GI-6301 is an investigational immunotherapy being developed to treat various types of cancer. It was initially developed by GlobeImmune, but is currently licensed to Celgene.

How GI-6301 works

GI-6301 is a type of immunotherapy called a cancer vaccine. It acts indirectly on the cancer by stimulating the immune system to target and kill tumor cells.
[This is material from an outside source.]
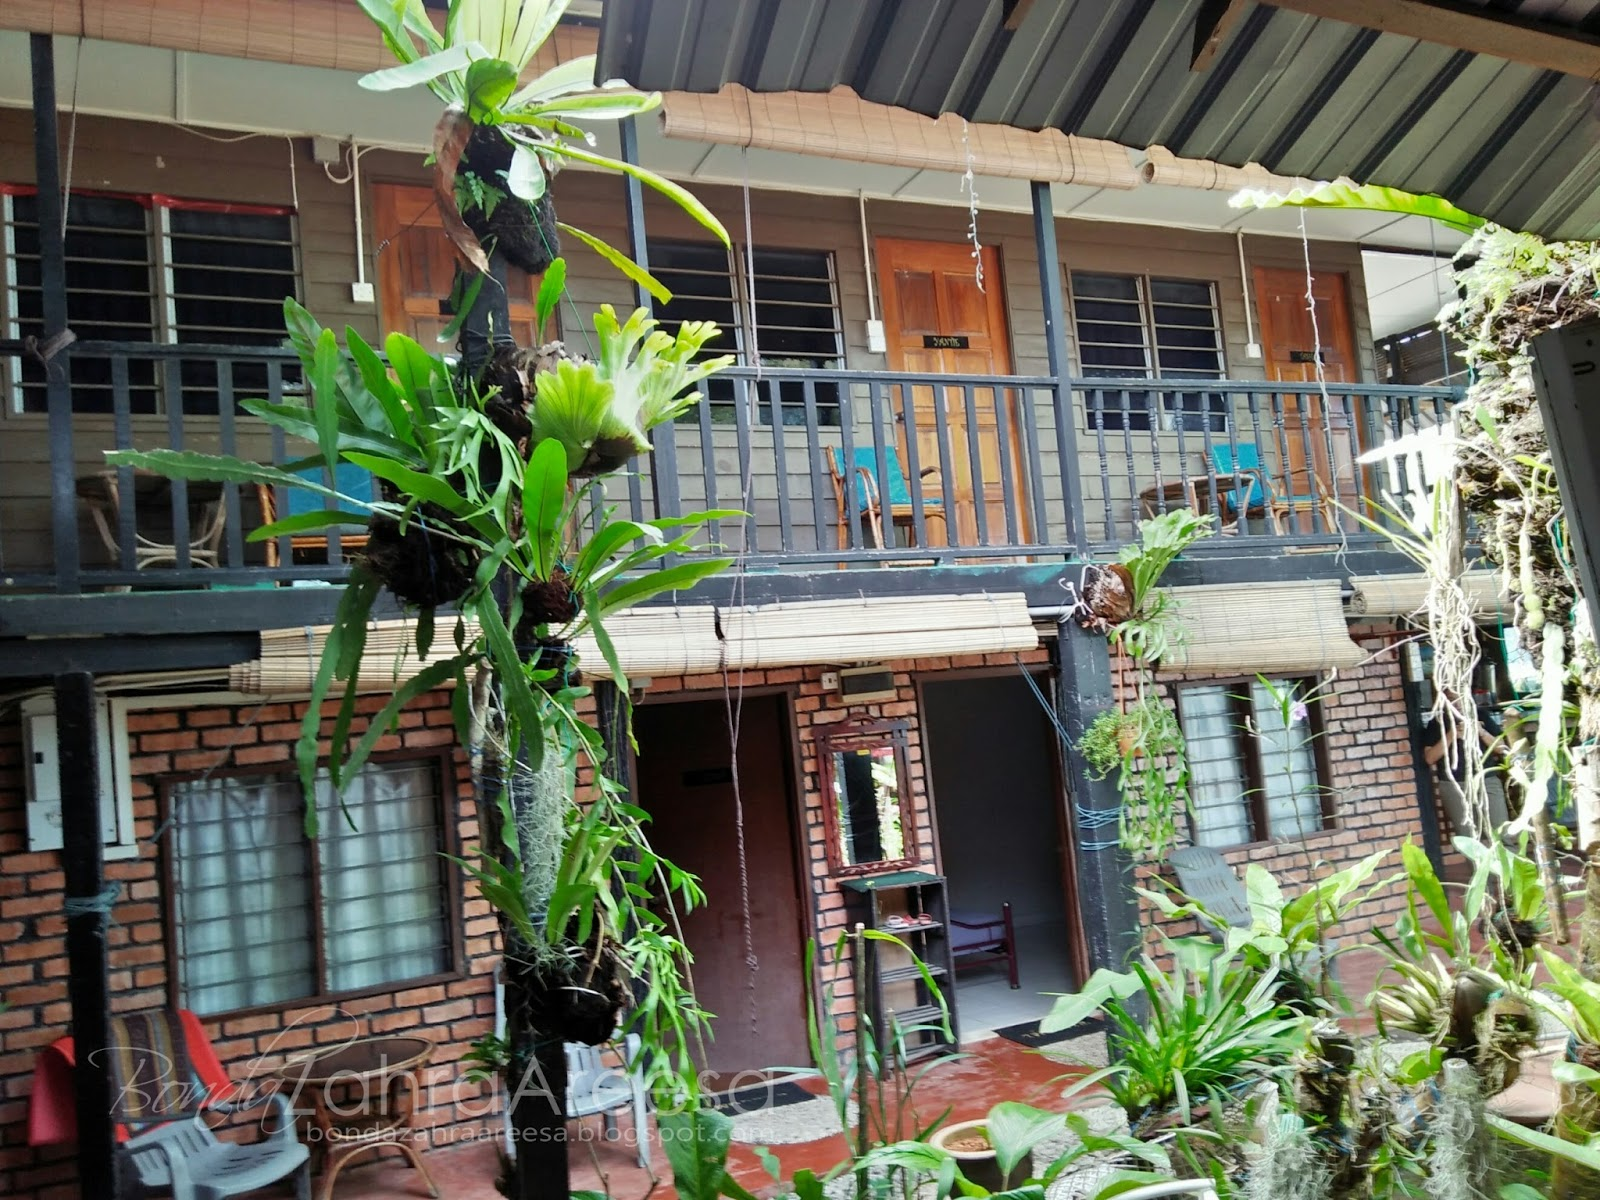 Ali Guesthouse, guesthouse batu feringghi

Certain immune cells, called dendritic cells (DCs), can identify and process antigens (foreign substances associated with an infection or disease, such as particular protein) and alert another type of immune cell, called T-cells, to their presence. This triggers a targeted immune response against cells expressing that particular antigen, by stimulating the production of cytotoxic (cell-killing) T-cells against the antigen.

GI-6301 is a vaccine targeting a protein called brachyury produced using Inovio’s Tarmogen platform. This protein is expressed in a wide range of cancers and can be involved in the spread of the cancer to different parts of the body. Brachyury is also expressed in chordoma, a rare type of bone cancer.

GI-6301 is a heat-inactivated yeast cell modified to produce brachyury. After injection, GI-6301 is recognized by the immune system and engulfed by dendritic cells. The yeast cell is then destroyed, and the brachyury protein inside it processed by the DCs and used to activate T-cells to target the cancer cells. This process aims to reduce the number of tumor cells.

GI-6301 in clinical trials

An open-label Phase 1 clinical trial (NCT01519817) testing the safety and efficacy of GI-6301 was carried out by the National Cancer Institute (NCI) at a single site in Maryland. The trial recruited 34 people with advanced cancers, including 11 chordoma patients, who have tried and failed other treatment options. It consisted of an initial dose escalation, followed by a regular monthly dosing. Patients were monitored for up to four years for adverse events.

Results showed that GI-6301 successfully induced an immune response in the majority of patients after six vaccinations. The treatment was also well-tolerated, with the most common adverse events being mild/moderate injection site reactions.

The NCI is now recruiting patients with chordoma for a Phase 2 clinical trial (NCT02383498) assessing overall response rate to GI-6301, compared to placebo, for up to three years. This single-site study is also taking place at the National Institutes of Health center in Bethesda, Maryland.

Other information

GI-6301 is administered as an injection under the skin.